Exchange a long-lived API key for one via AuthApi.auth():
import com.qtsurfer.api.client.api.AuthApi;
import com.qtsurfer.api.client.invoker.ApiClient;
import com.qtsurfer.api.client.model.AuthTokenResponse;
ApiClient apikeyClient = new ApiClient();
apikeyClient.updateBaseUri("https://api.qtsurfer.com/v1");
apikeyClient.setRequestInterceptor(builder ->
builder.header("X-API-Key", System.getenv("QTSURFER_APIKEY")));
AuthTokenResponse token = new AuthApi(apikeyClient).auth();
String jwt = token.getAccessToken(); // feed to a Bearer-authed ApiClientFor production use, prefer the com.qtsurfer:sdk
auth(apikey) helper — it returns an AuthenticatedClient that refreshes the
JWT transparently, reads QTSURFER_APIKEY from the environment, and supports
pluggable token stores so callers don't reinvent that plumbing.
| API class | Methods |
|---|---|
AuthApi |
auth() — exchange API key for a short-lived JWT |
ExchangeApi |
getExchanges(), getInstruments(exchangeId) |
ExchangeBinaryDownloads |
getTickersHour(...), getKlinesHour(...) — Lastra/Parquet streams (manual; see note below) |
StrategyApi |
postStrategy(body, xCompileAsync), getStrategyStatus(strategyId) |
BacktestingApi |
prepareBacktesting, getPreparationStatus, executeBacktesting, cancelExecution, getExecutionResult |
All generated model types (Exchange, InstrumentDetail, JobState, BacktestJobResult, ResultMap, ResponseError, …) live under com.qtsurfer.api.client.model.

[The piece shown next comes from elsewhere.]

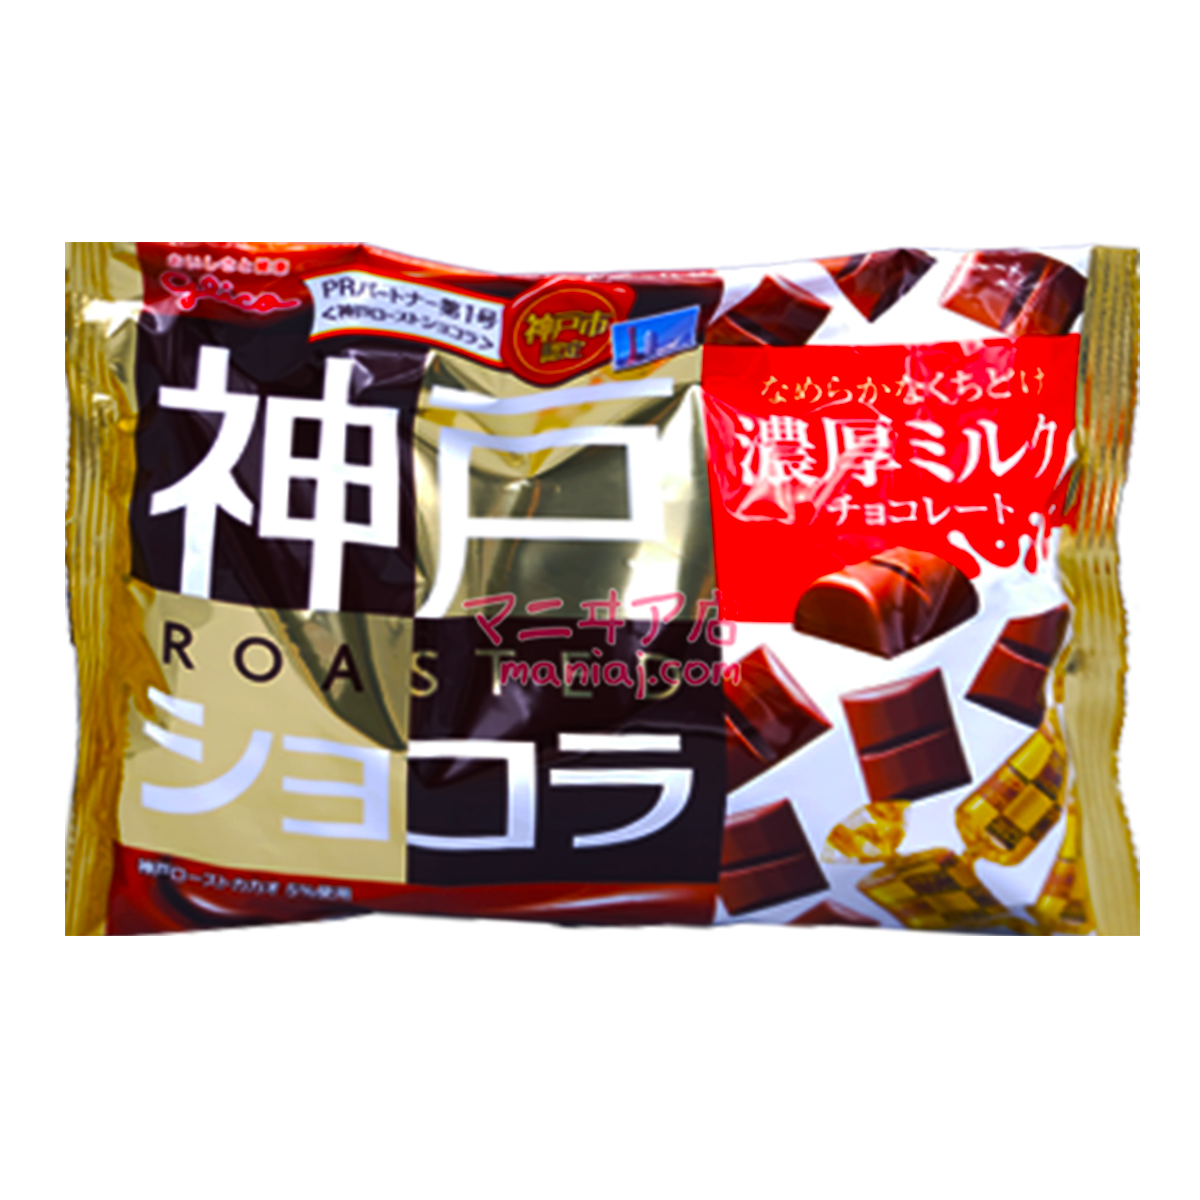 神戸ロースト濃厚ミルクチョコレート

These endpoints return raw Lastra bytes (default) or Parquet (format=parquet). The auto-generated ExchangeApi.getExchangeTickersHour / getExchangeKlinesHour methods are unusable for binary payloads — openapi-generator's native library decodes the body as UTF-8 and feeds it to Jackson, which corrupts the bytes. Use ExchangeBinaryDownloads instead:
import com.qtsurfer.api.client.binary.ExchangeBinaryDownloads;
import com.qtsurfer.api.client.binary.ExchangeBinaryDownloads.Format;
ExchangeBinaryDownloads downloads = new ExchangeBinaryDownloads(client);
try (var in = downloads.getTickersHour("binance", "BTC", "USDT", "2026-01-15T10")) {
Files.copy(in, Path.of("BTC_USDT_2026-01-15_h10.lastra"));
}
try (var in = downloads.getKlinesHour("binance", "BTC", "USDT", "2026-01-15T10", Format.PARQUET)) {
// feed into Apache Parquet, DuckDB, etc.

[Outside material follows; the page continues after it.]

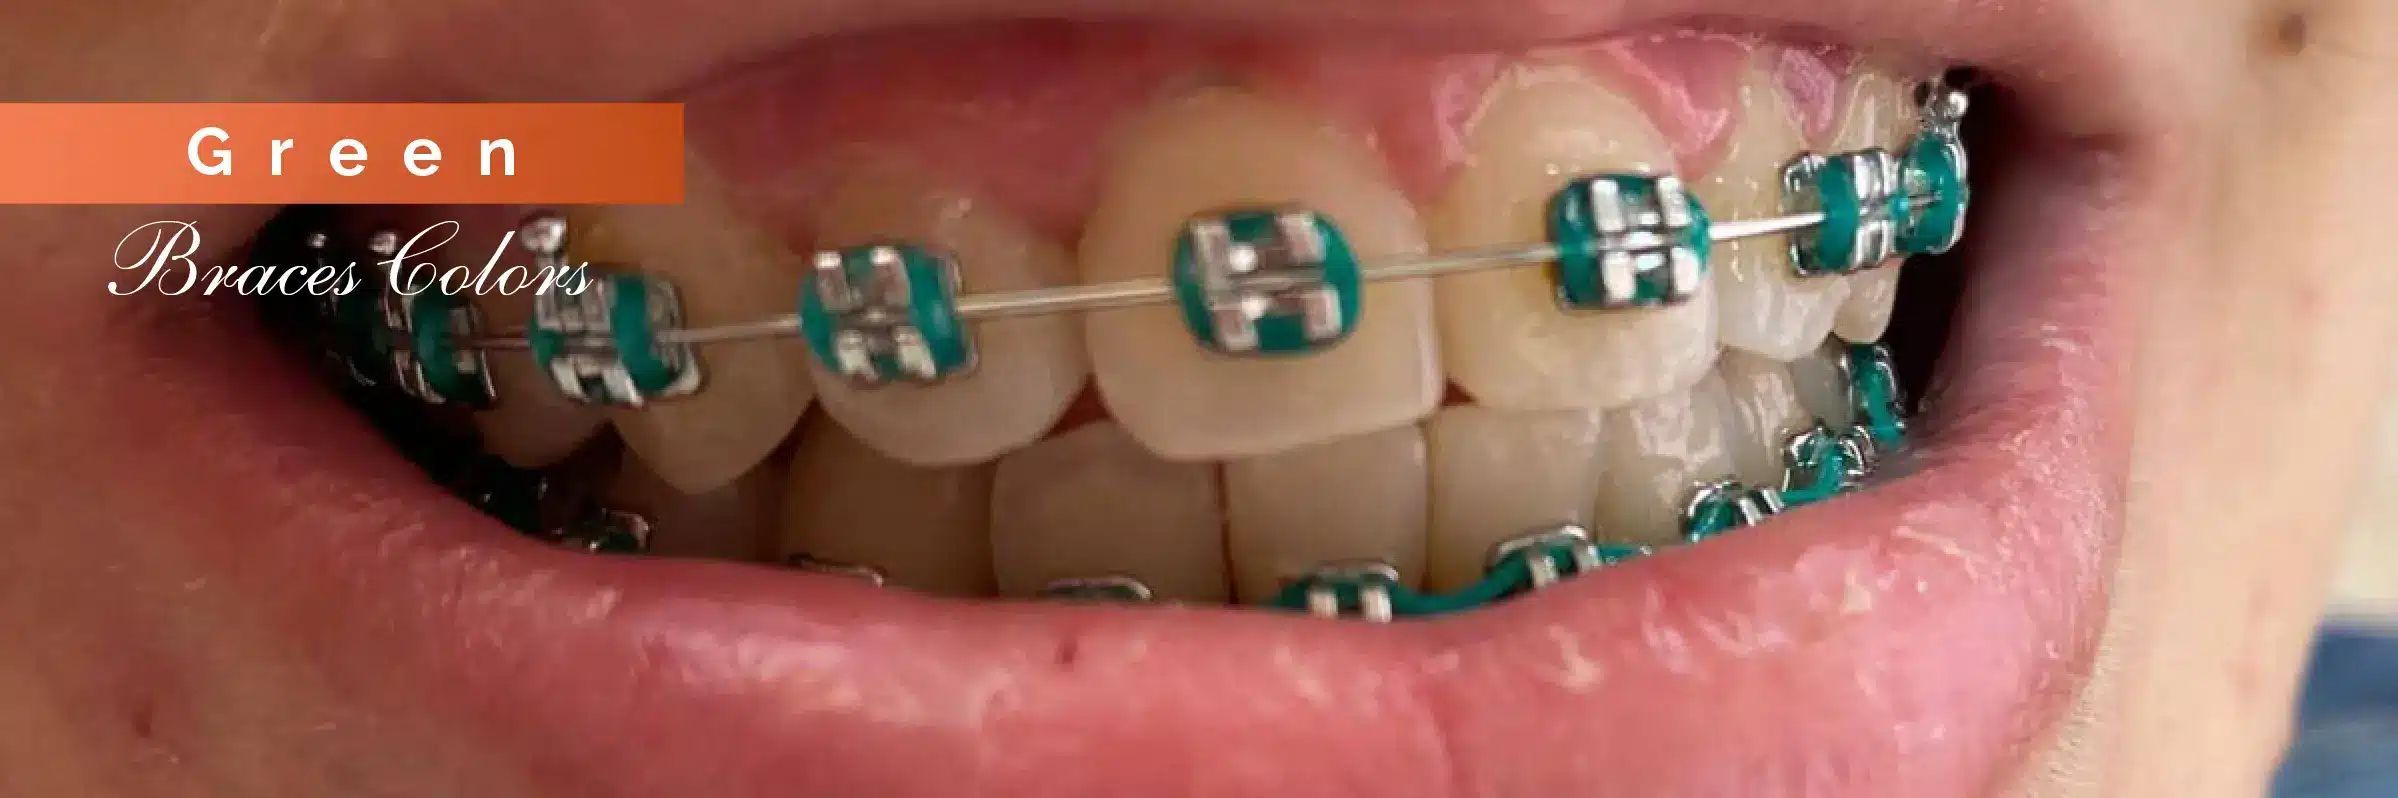 green color braces
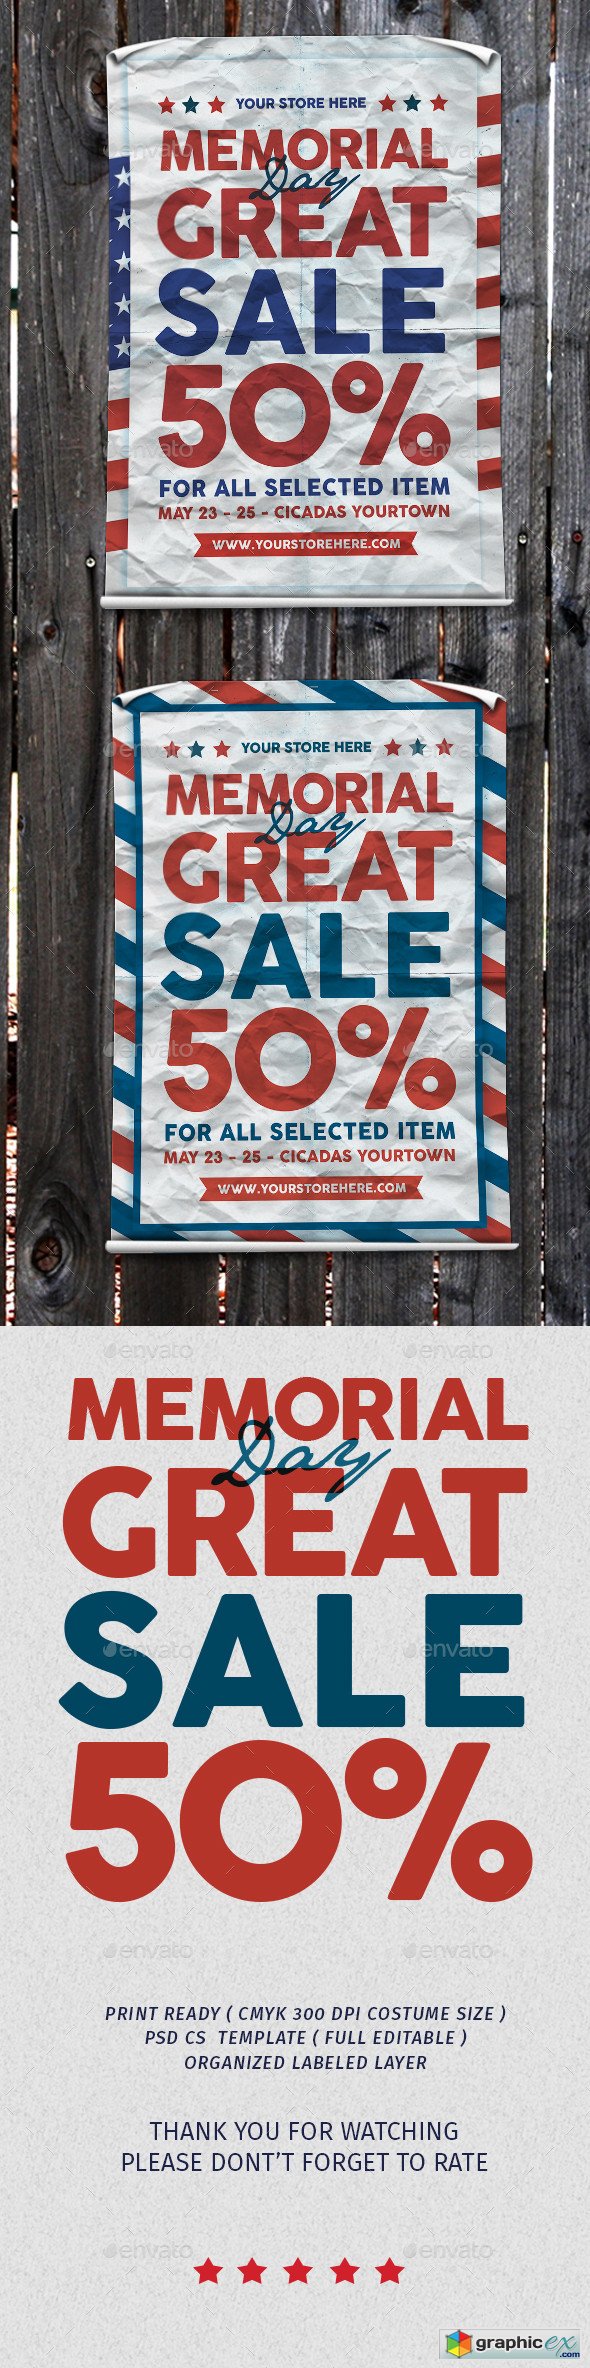 Memorial Great sale

}The class reuses the ApiClient's HttpClient and request interceptor, so any Authorization header set at the client level applies automatically.
ApiClient exposes the underlying HttpClient.Builder and an ObjectMapper, plus hooks for request/response interceptors.
client.updateBaseUri("https://api.qtsurfer.com/v1");
client.setRequestInterceptor(builder ->
builder.header("Authorization", "Bearer " + token)
.header("X-Request-Id", UUID.randomUUID().toString()));
client.setResponseInterceptor(response ->
log.debug("HTTP {} {}", response.statusCode(), response.uri()));Generated sources are produced by the openapi-generator-maven-plugin during the generate-sources phase and compiled from target/generated-sources/openapi. To regenerate:
mvn -B clean generate-sourcesThe input spec URL is configured in pom.xml (openapi.spec.url property). Point it to a tag or commit for reproducible builds.
| Command | Description |
|---|---|
mvn verify |
Fetch spec, generate, compile, run tests, build jar + sources + javadoc |
mvn clean |
Remove target/ |
Apache-2.0 — see LICENSE.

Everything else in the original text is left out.